Nach der Erinnerung lenkt Herodotos das Gespräch auf ein neues Ziel.

Er berichtet von der Insel Andros.

Nach seinen Erzählungen handelt es sich um einen geheimnisvollen Ort, über den zahlreiche Legenden existieren.

Andros soll nicht nur eine gewöhnliche Insel sein.

Vielmehr verbinden sich dort Geschichte, Mythologie und rätselhafte Überlieferungen.

Für Kassandra ergibt sich daraus eine neue Spur.

Wenn Antworten über ihre Herkunft oder den Kult des Kosmos existieren, könnten sie dort verborgen liegen.

Damit beginnt ein völlig neuer Abschnitt ihrer Reise.


Historischer Hintergrund: Die Insel Andros

Andros ist eine reale griechische Insel und gehört zu den Kykladen in der Ägäis.

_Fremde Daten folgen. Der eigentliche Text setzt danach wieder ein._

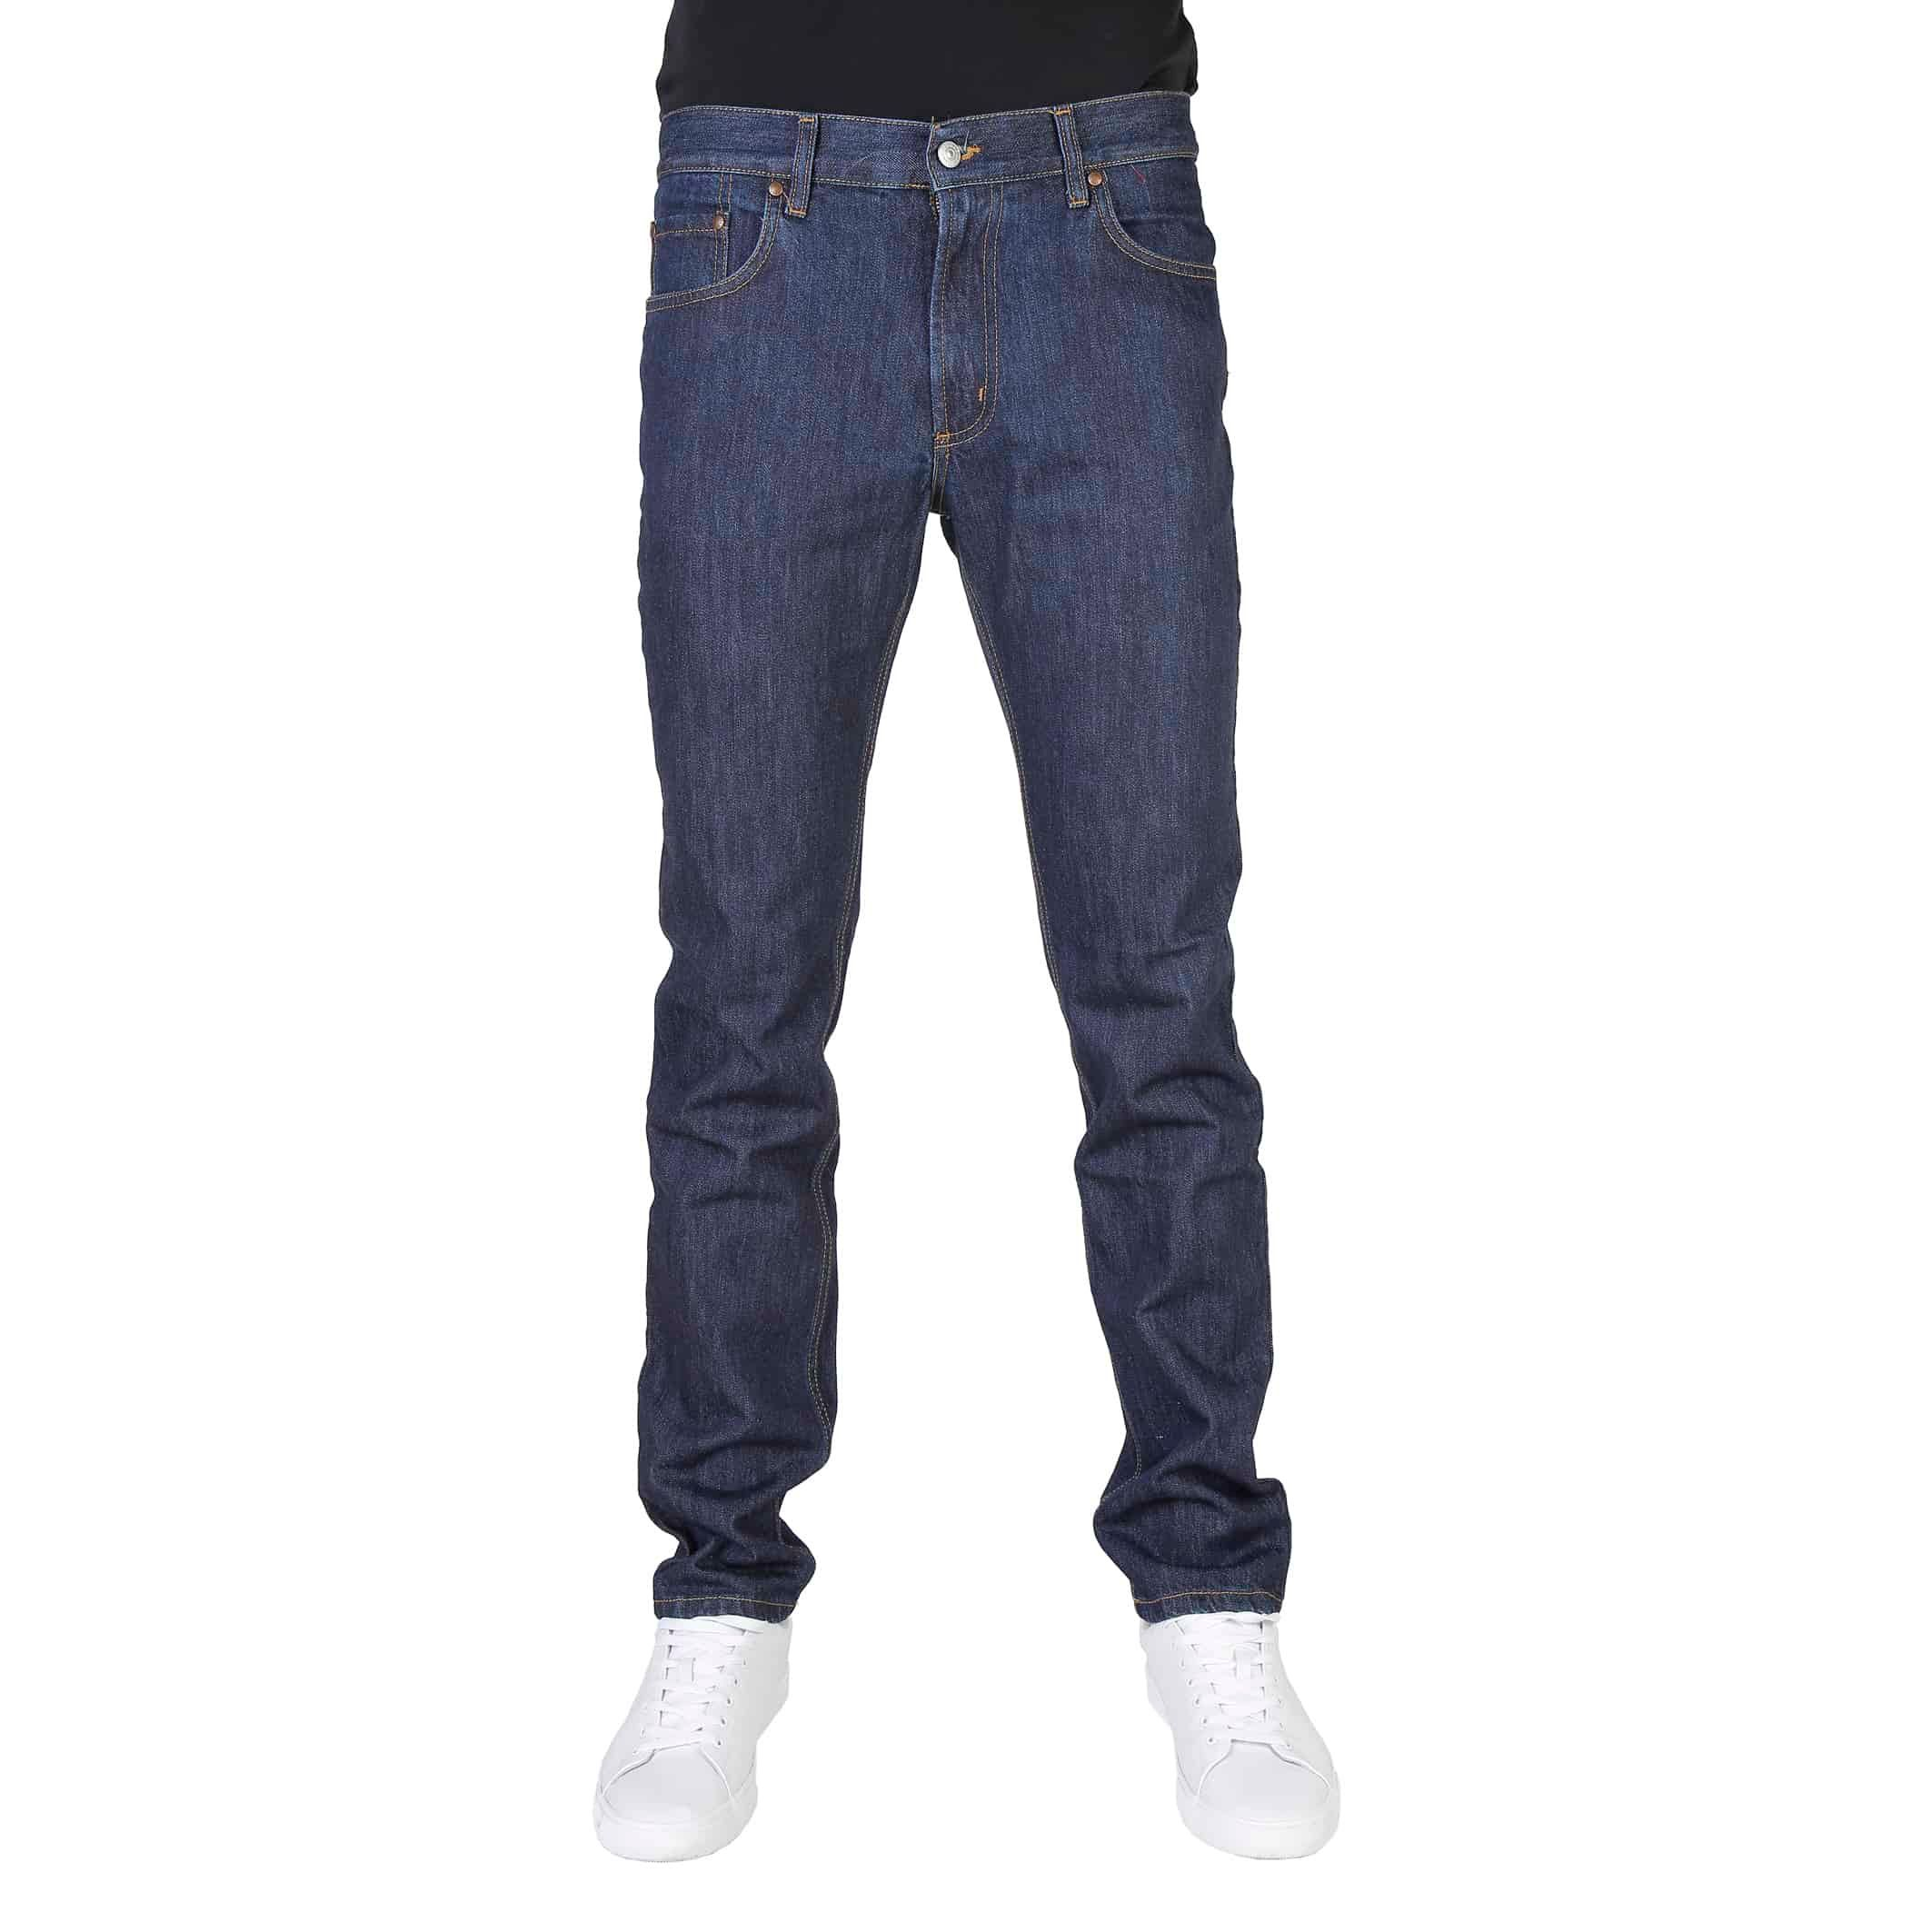 Carrera Jeans - 000700_01021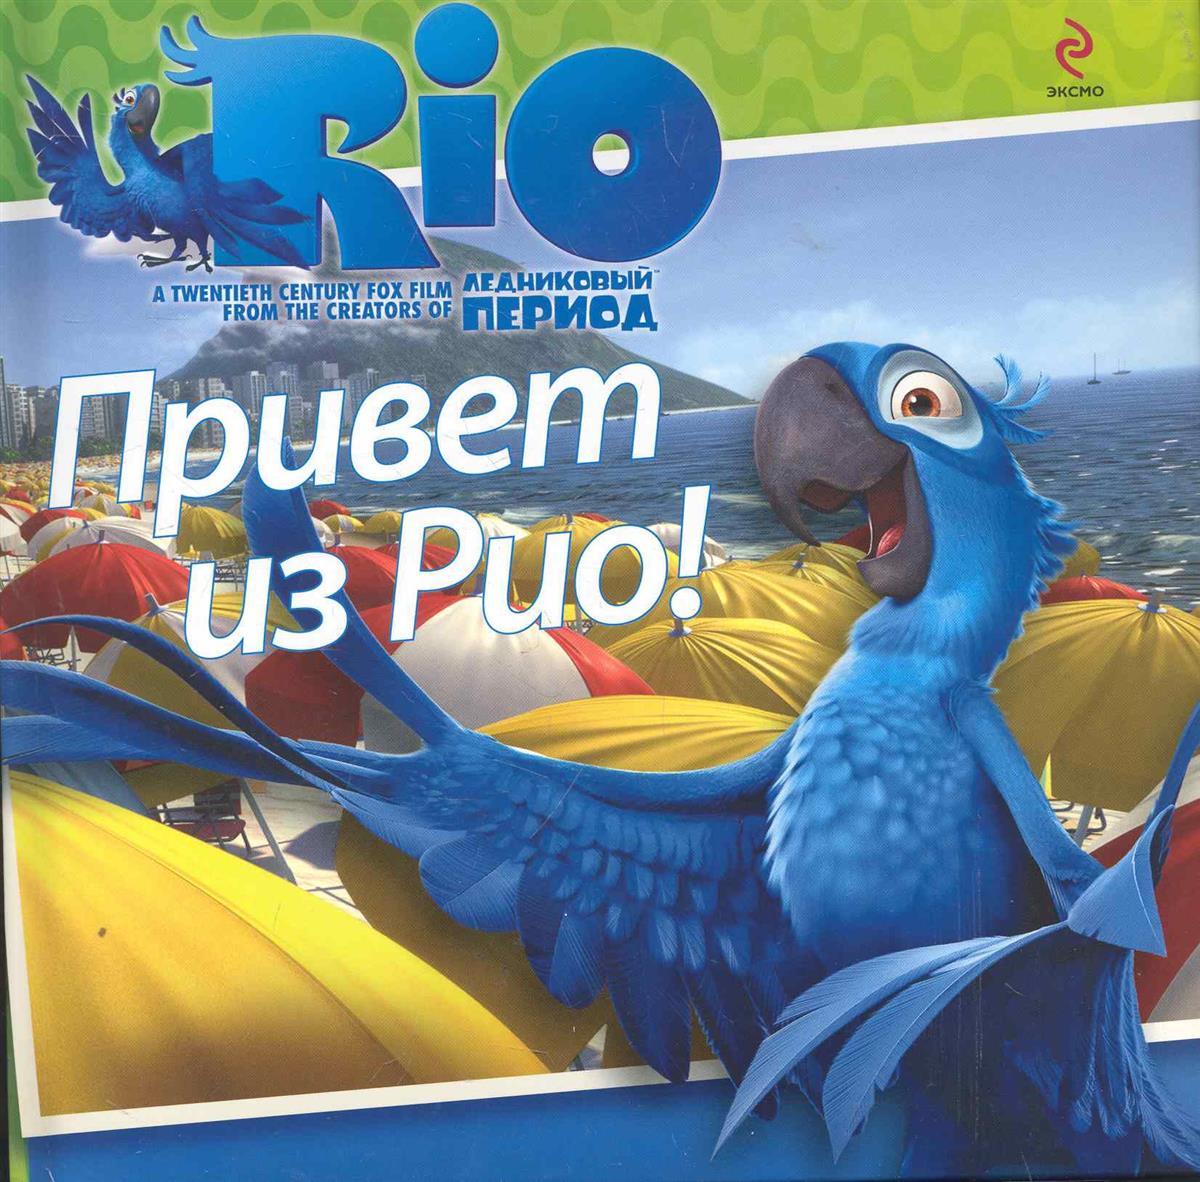 Долгачева О. (пер.) РИО Привет из Рио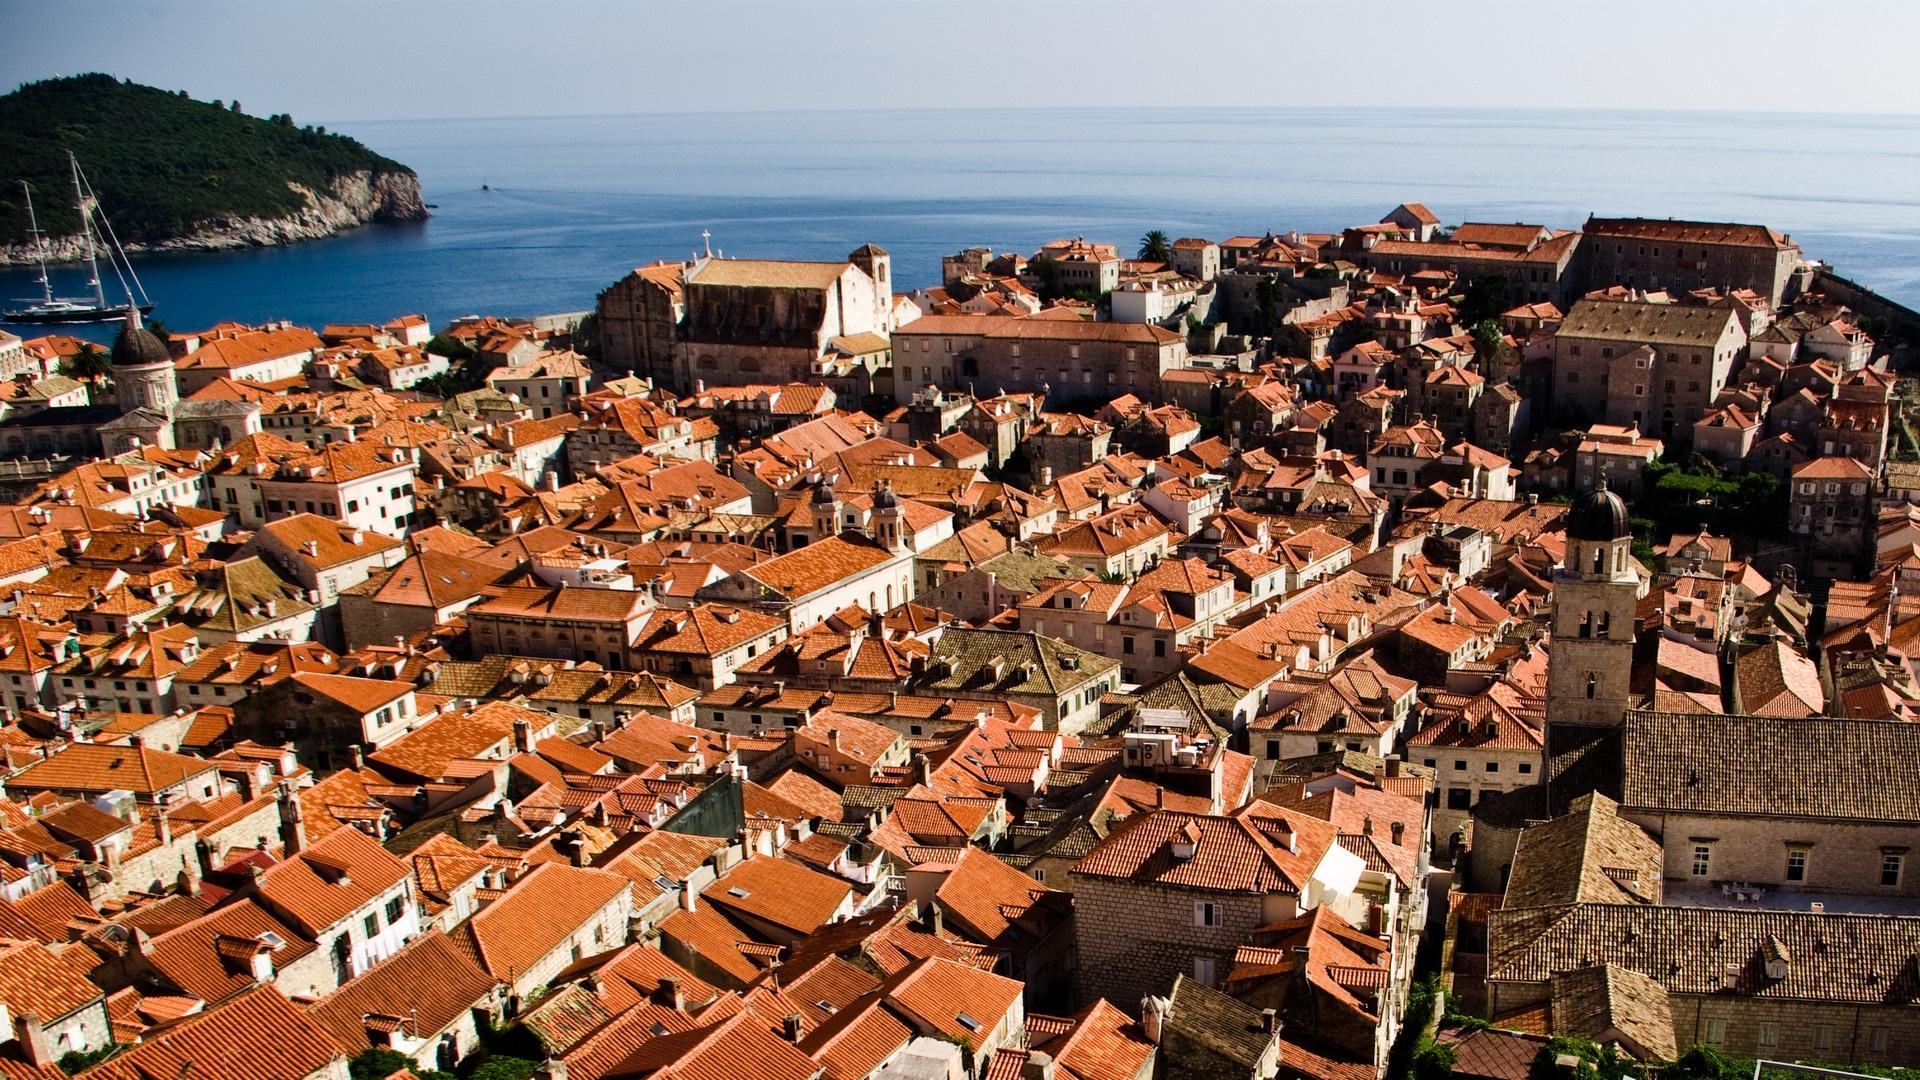 Обои Dubrovnik, здания, остров, дома, croatia, хорватия, адриатическое море, adriatic sea. Города foto 11

Bereits in der Antike spielte sie eine bedeutende Rolle im Handel zwischen den griechischen Inseln und dem Festland.

Bekannt war Andros unter anderem für:

  • ihre fruchtbaren Landschaften,
  • zahlreiche Quellen,
  • Handelsschifffahrt,
  • Weinbau,
  • Tempelanlagen.

In der griechischen Mythologie taucht die Insel mehrfach in verschiedenen Erzählungen auf.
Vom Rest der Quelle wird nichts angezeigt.